● EXERCISE:
Every entry in the following listing must be restated word for word, though not its pictures.

=== Section Start ===

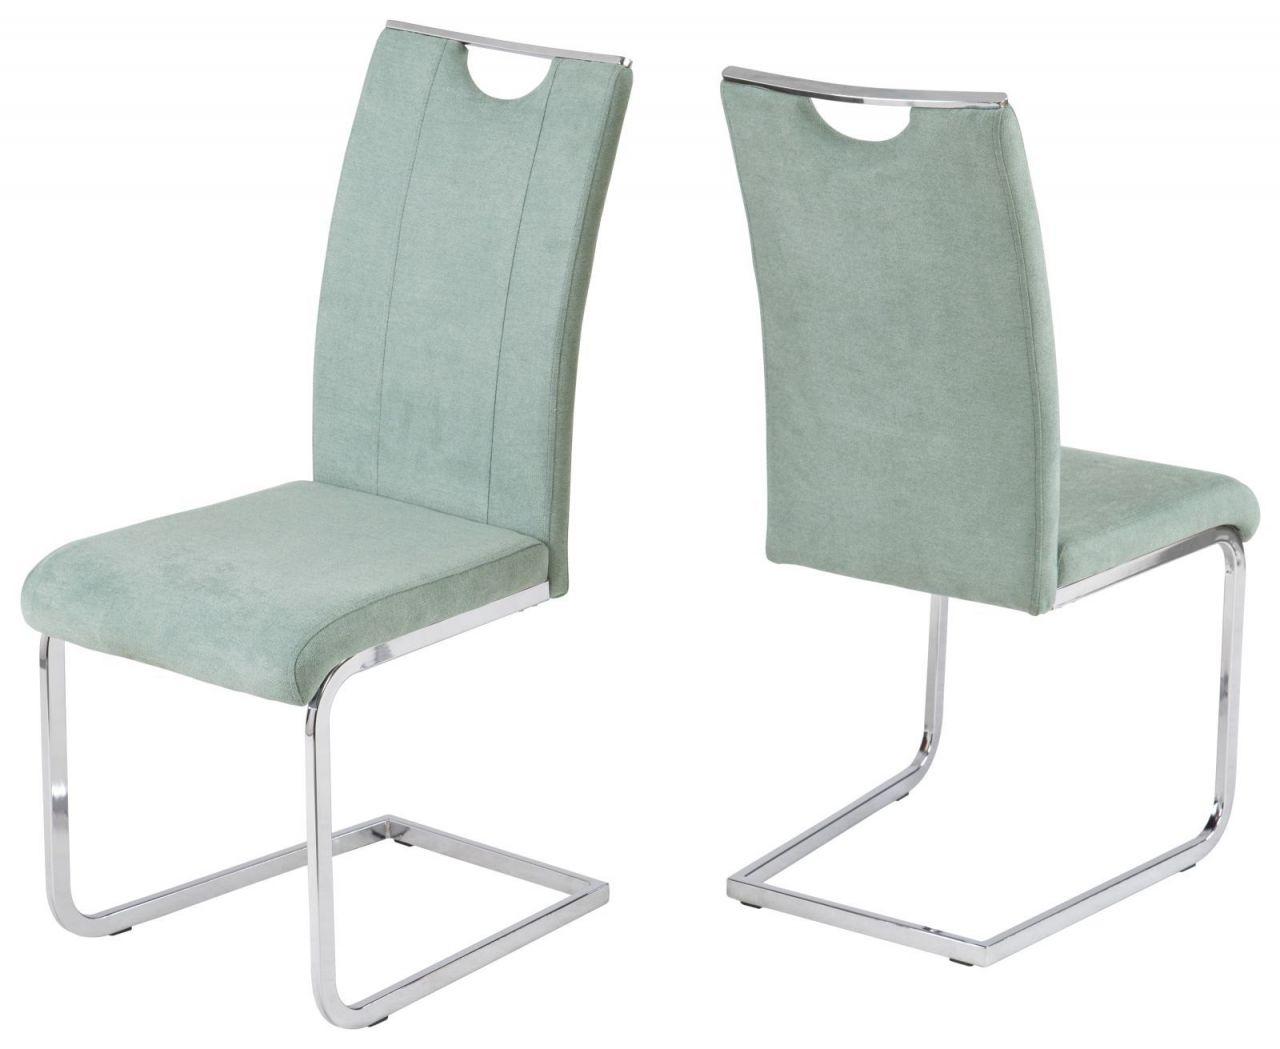 4er Pack Freischwinger Stuhl 4 Farben Grau Mint Latte Flamingo Kufengestell Verchromt R July Kaufen Bei Eh Mobel
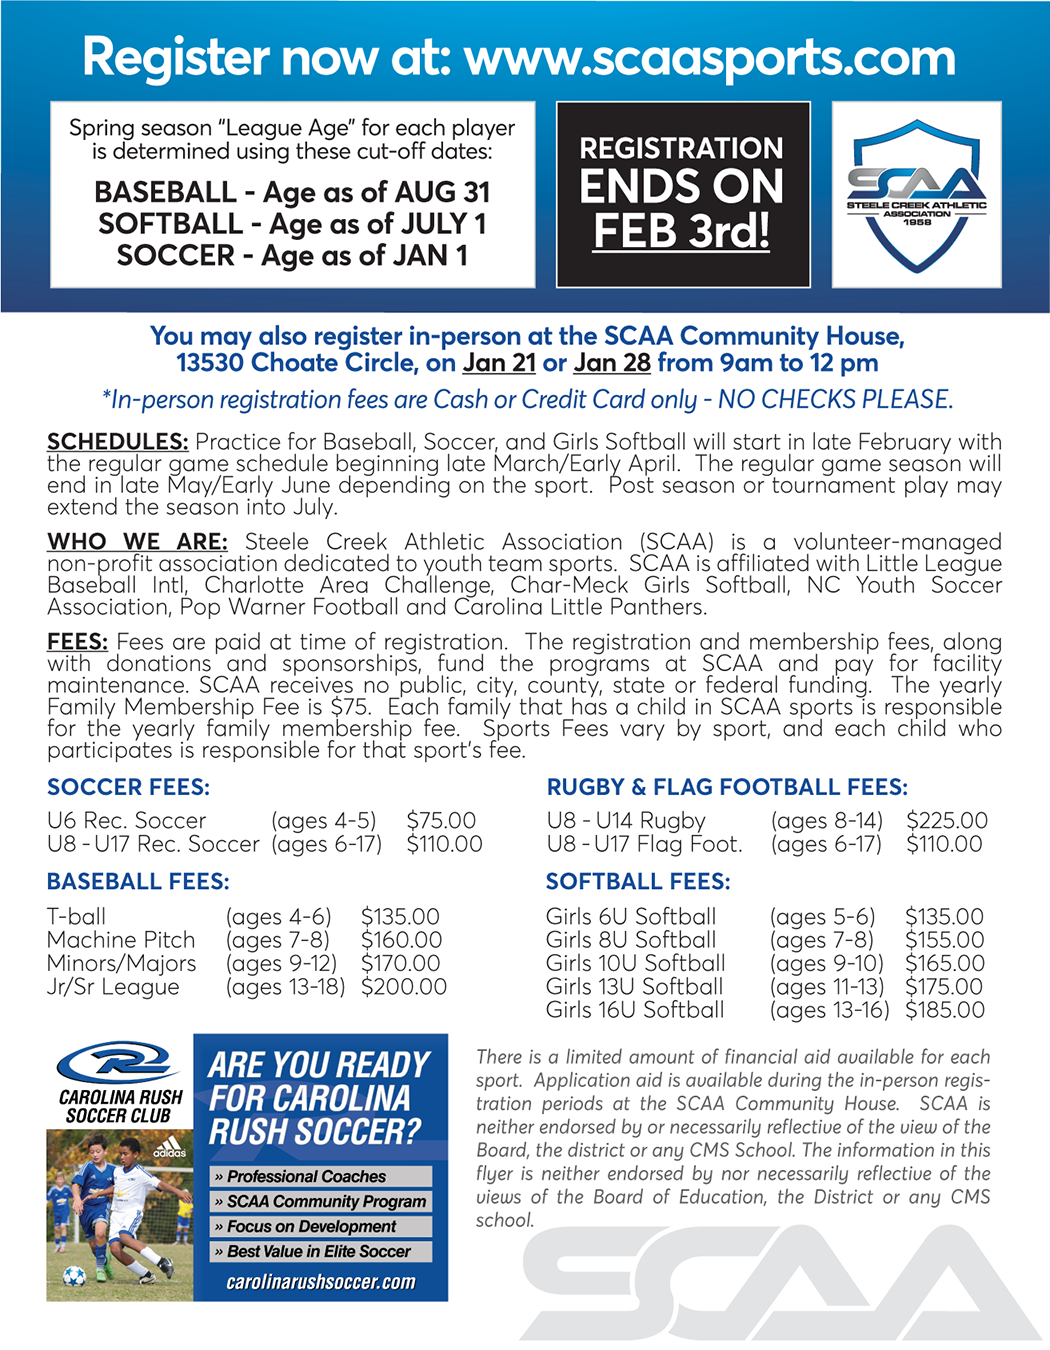 Steele Creek Athletic Association
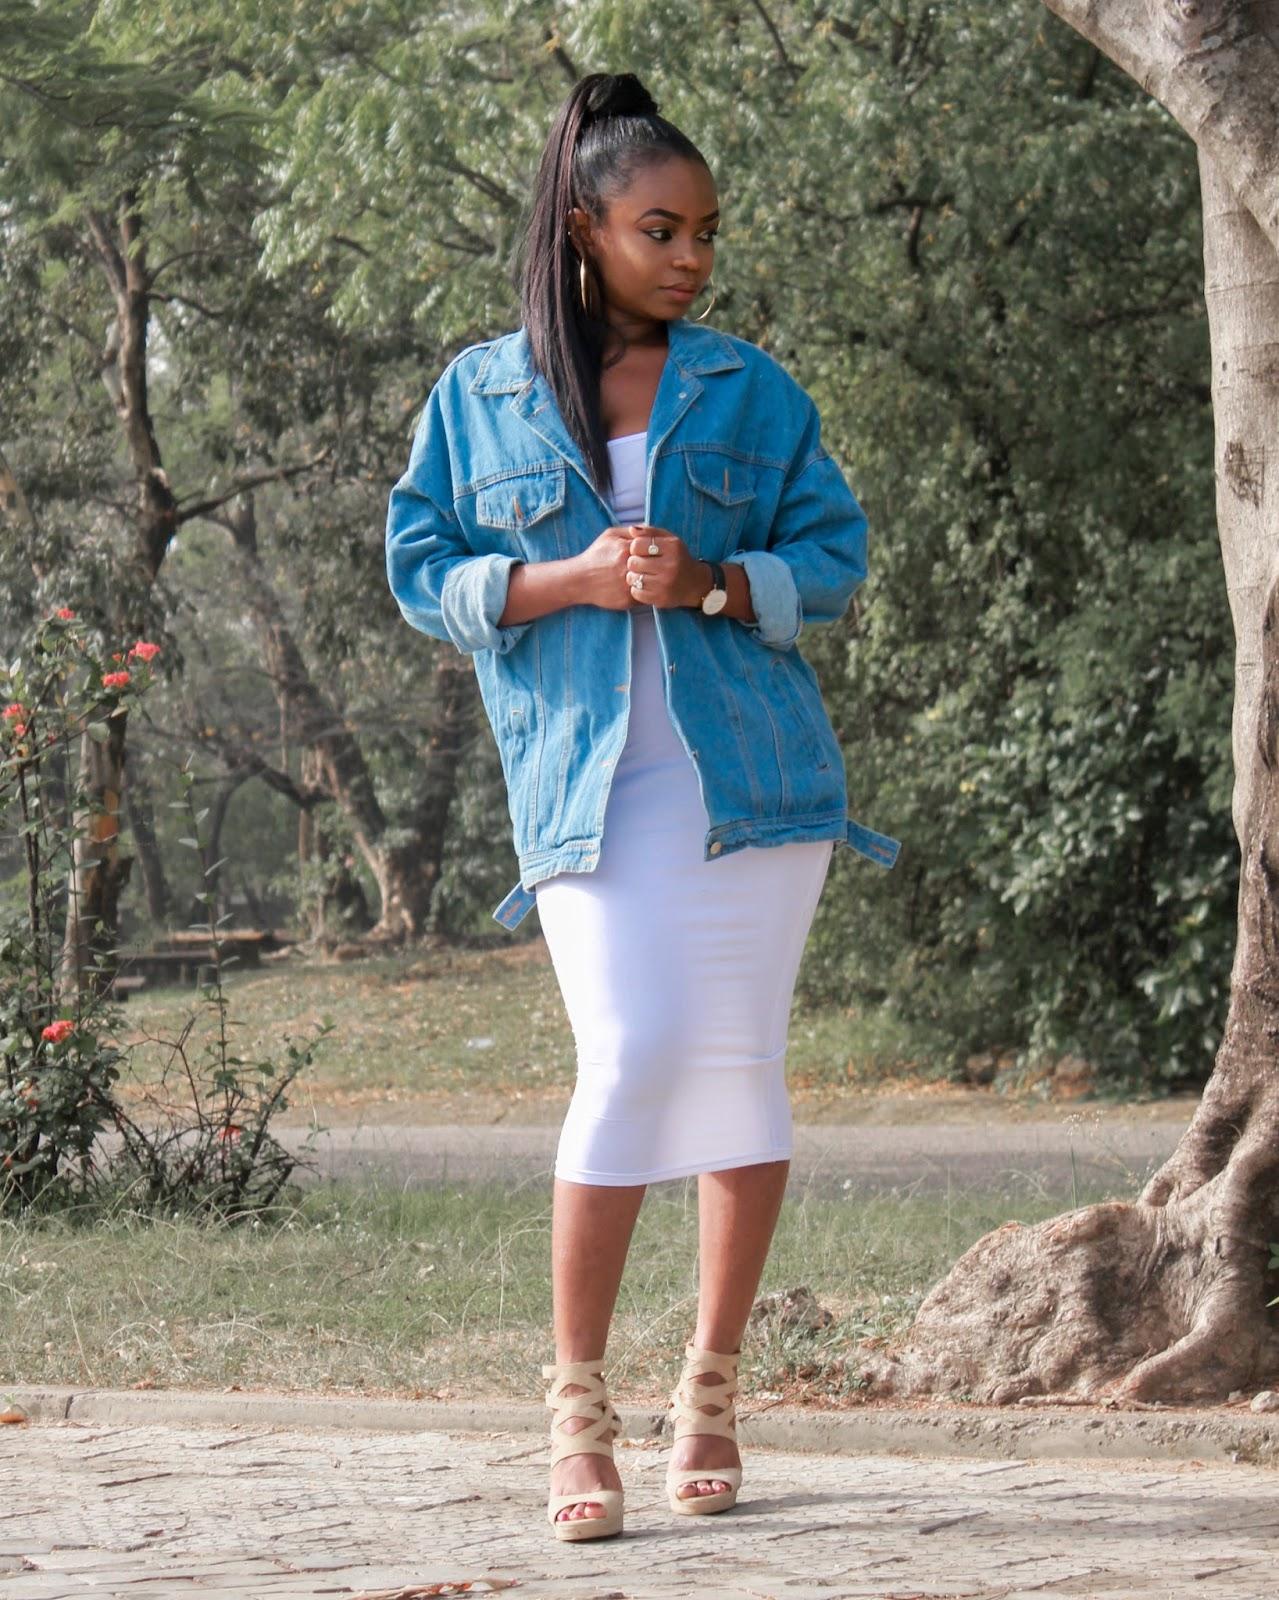 OVERSIZED DENIM JACKET - Romwe Oversized Denim Jacket with DressLily white bodycon
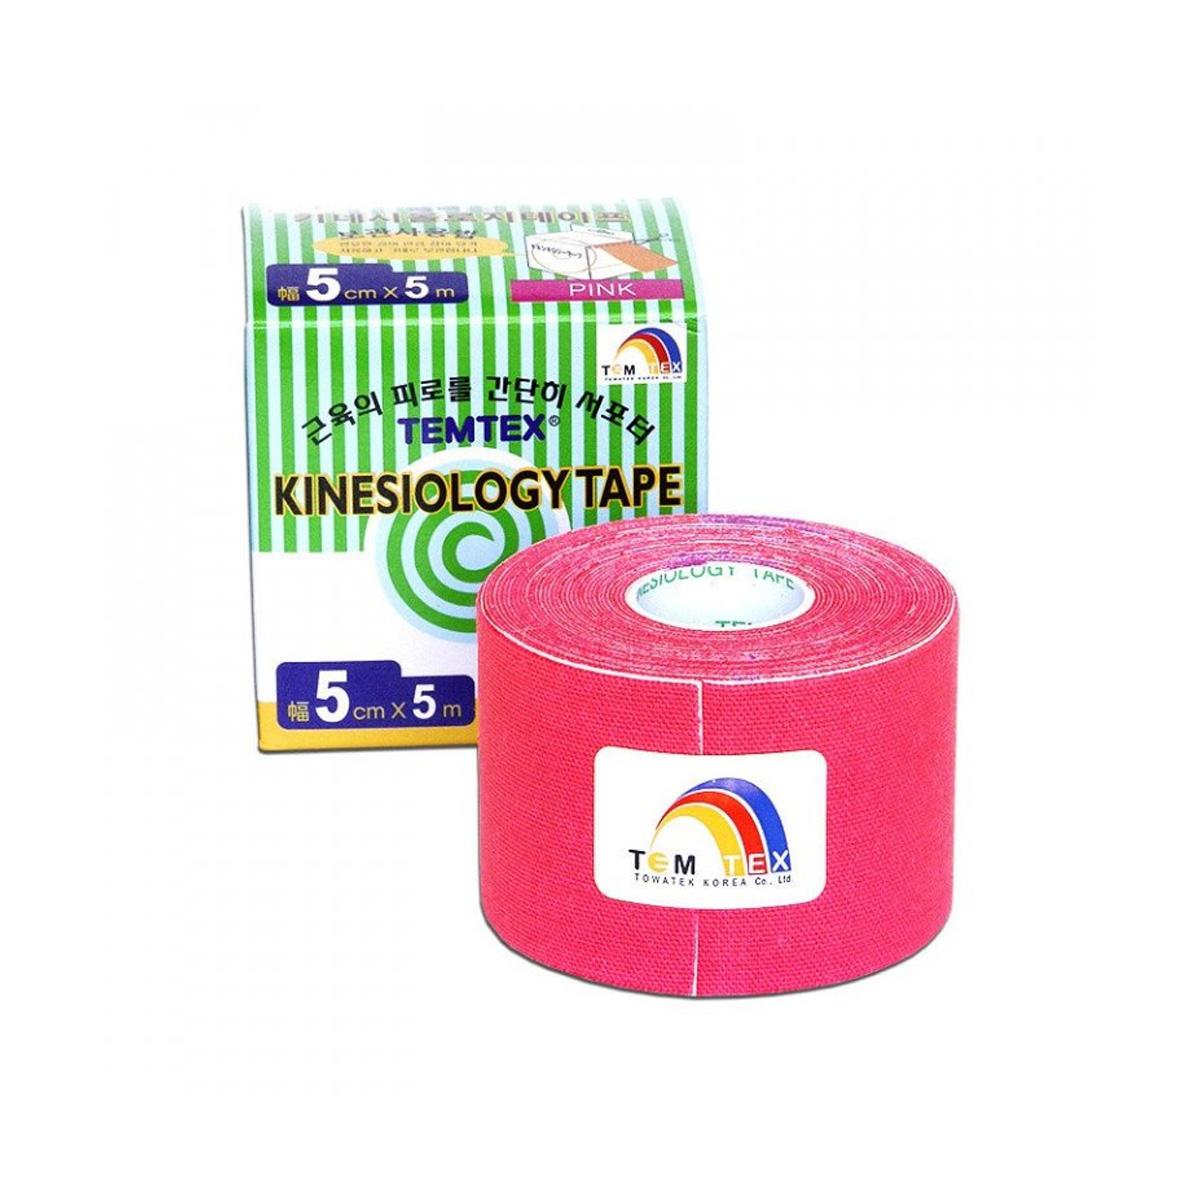 Temtex kinesio tape Classic růžová 5cm x 5m
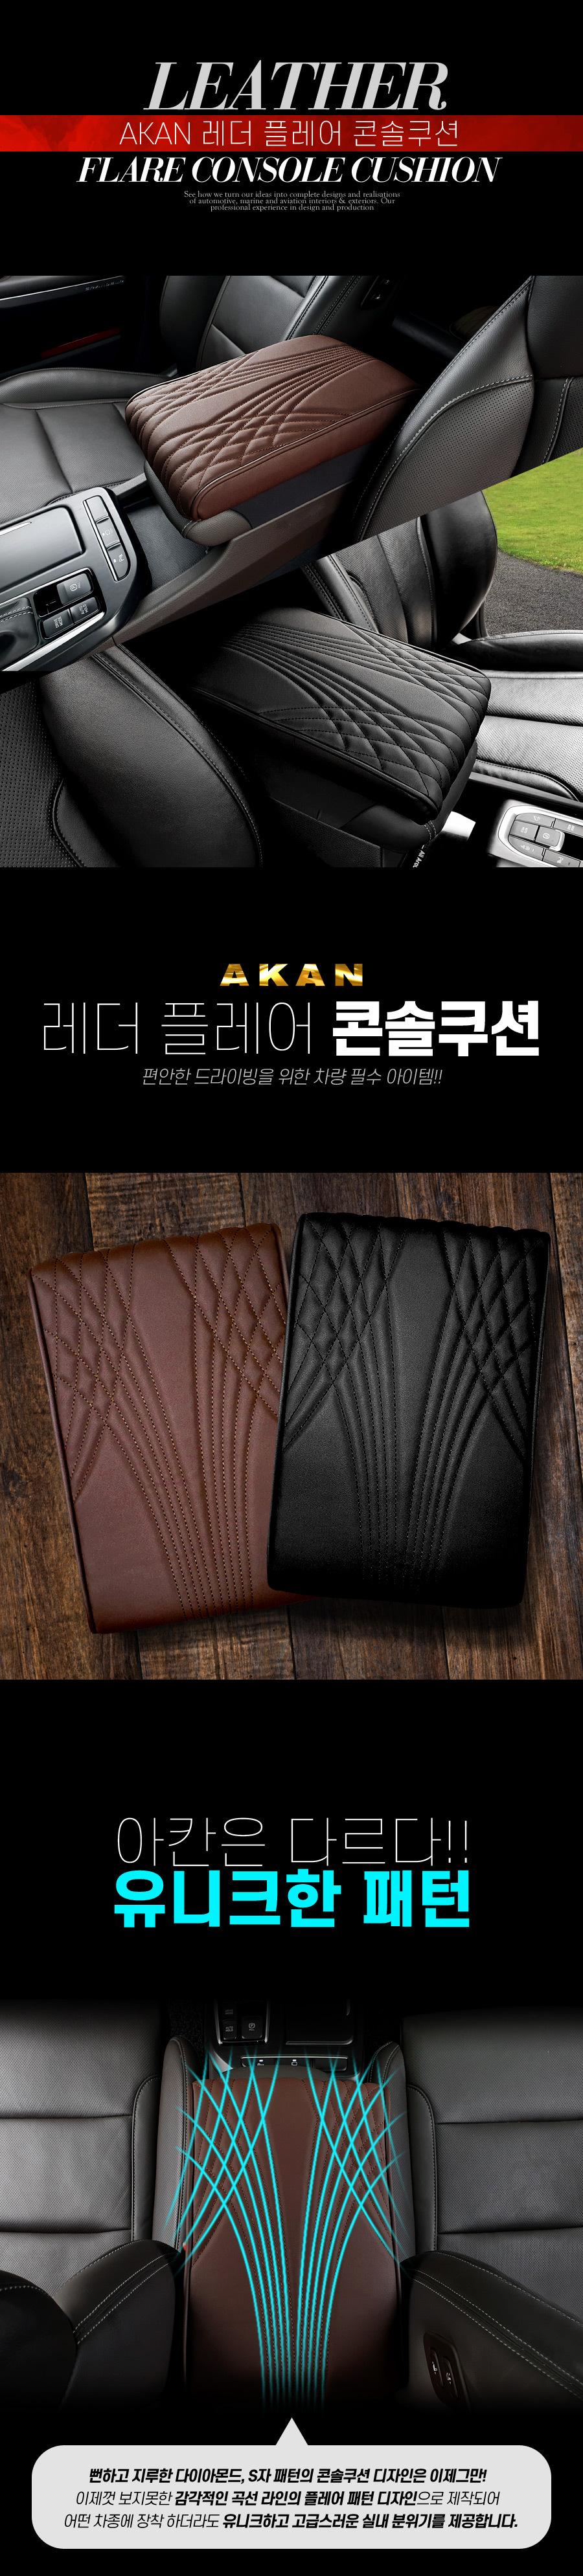 leather-flare-console-cushion_01.jpg
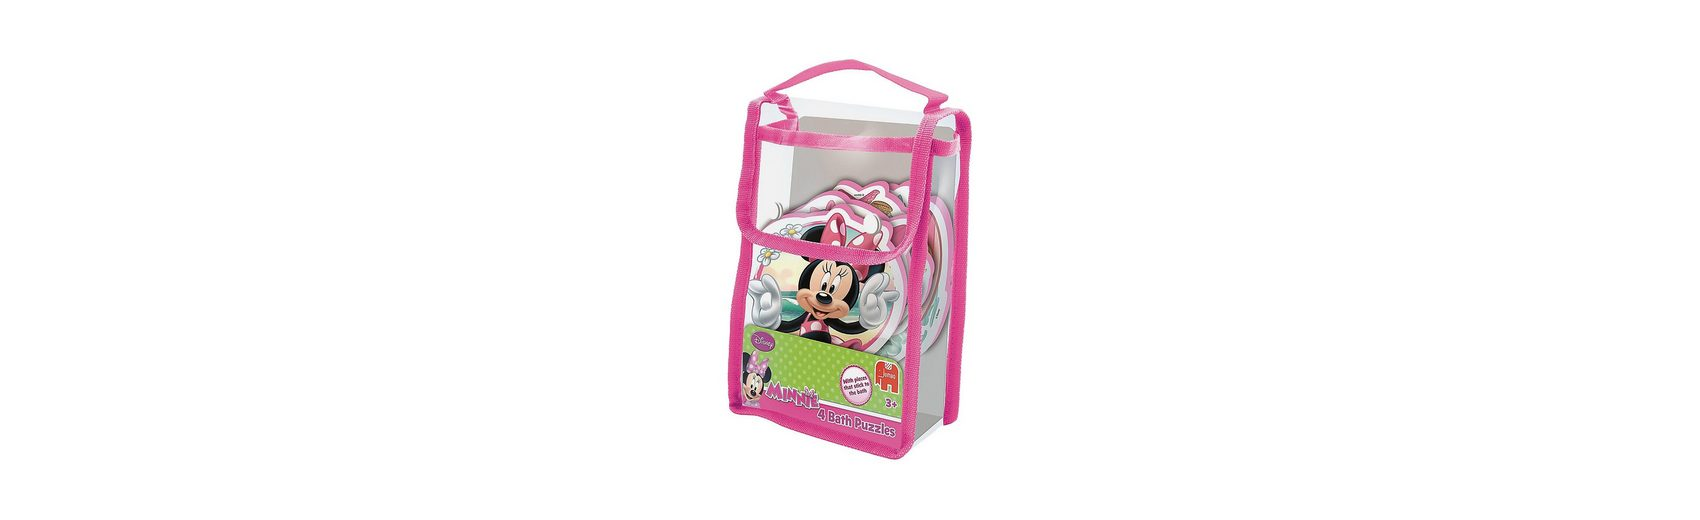 Jumbo Disney Badepuzzle - Minnie Mouse

=== Section End ===

● TASK ANSWER:
 4er Pack Freischwinger Stuhl 4 Farben Grau Mint Latte Flamingo Kufengestell Verchromt R July Kaufen Bei Eh Mobel
 Steele Creek Athletic Association
 OVERSIZED DENIM JACKET - Romwe Oversized Denim Jacket with DressLily white bodycon
 Temtex kinesio tape Classic růžová 5cm x 5m
 leather-flare-console-cushion_01.jpg
 Jumbo Disney Badepuzzle - Minnie Mouse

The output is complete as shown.